Read trajectory or complexes file and produce pdb file of the docked position or a trajectory in dcd format. Input can be in ascii or binary format

trans_diffusion and rot_diffusion

Compute diffusion coefficients from an SDAMM trajectory

Preparation tools

convert_grid

Print information or modify UHBD-format grids.
grid_input [ grid_output ], [-convert] / [ -scale factor ] / [ -dx ] / -exclude_molsurf pdb / [ -header_only ]

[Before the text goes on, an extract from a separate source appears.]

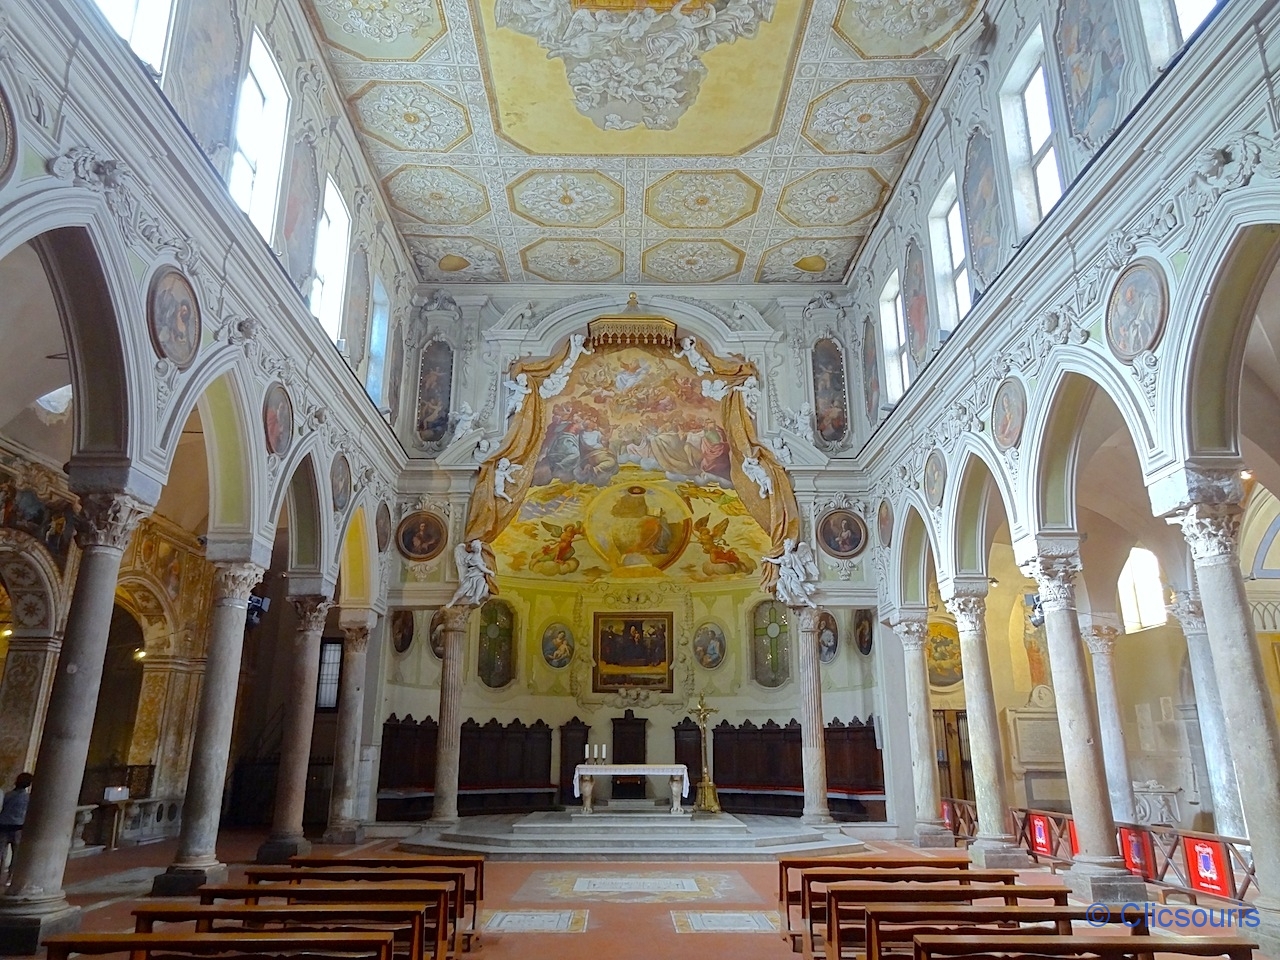 Basilica di Santa restituta dans le Duomo de Naples

The tool can convert grids between ascii and binary formats, modify their units (APBS output in kT units into kcal/mol units used by SDA for instance), to zero points inside the molecular surface of the solute (-exclude_molsurf) to facilitate simultaneous visualization of the solutes and their interaction field grids.

dcc

Estimation of the translational and rotational diffusion coefficient.
This tool estimates the diffusion coefficients of solutes in water at 293.15 K, using the Stokes-Einstein Law. The effective radius used in the calculation is taken as the radius at which the solute's atomic density is ²⁄₃ times the atomic density at the centre. The bin size used for the density calculations can be set as an input parameter.
As this method is quite approximate, we advise the use of alternative methods (e.g. HYDROPRO), where possible.

ecm tools

They are discussed on the specific page for ECM.
The FAQ gives also some advice for organizing and validating the results.

genbox

Set up an initial configuration for SDAMM runs.

In genbox, a user can request that a certain total number of molecules can be placed in a simulation box, with the cubic dimensions of the box, and the relative number of molecules of each solute type, calculated from the mass concentration of each solute. An example of an input file for such a calculation can be downloaded here. An immobile surface can also be included by setting the surf flag to 1, and entering the surface as the final molecule type (as shown in the file above. In this case, the x and y dimensions of the box will be fixed to those of the surface, and the simulated volume will be set by varying only the z dimension.

Alternatively, a user can request that a box of fixed dimensions be filled with solutes at a fixed mass concentration. In this case, number of molecules of each solute type, and the total number of solutes, is calculated by the tool. An example of an input file for such a calculation can be downloaded here. In this case, including a surface is not currently supported.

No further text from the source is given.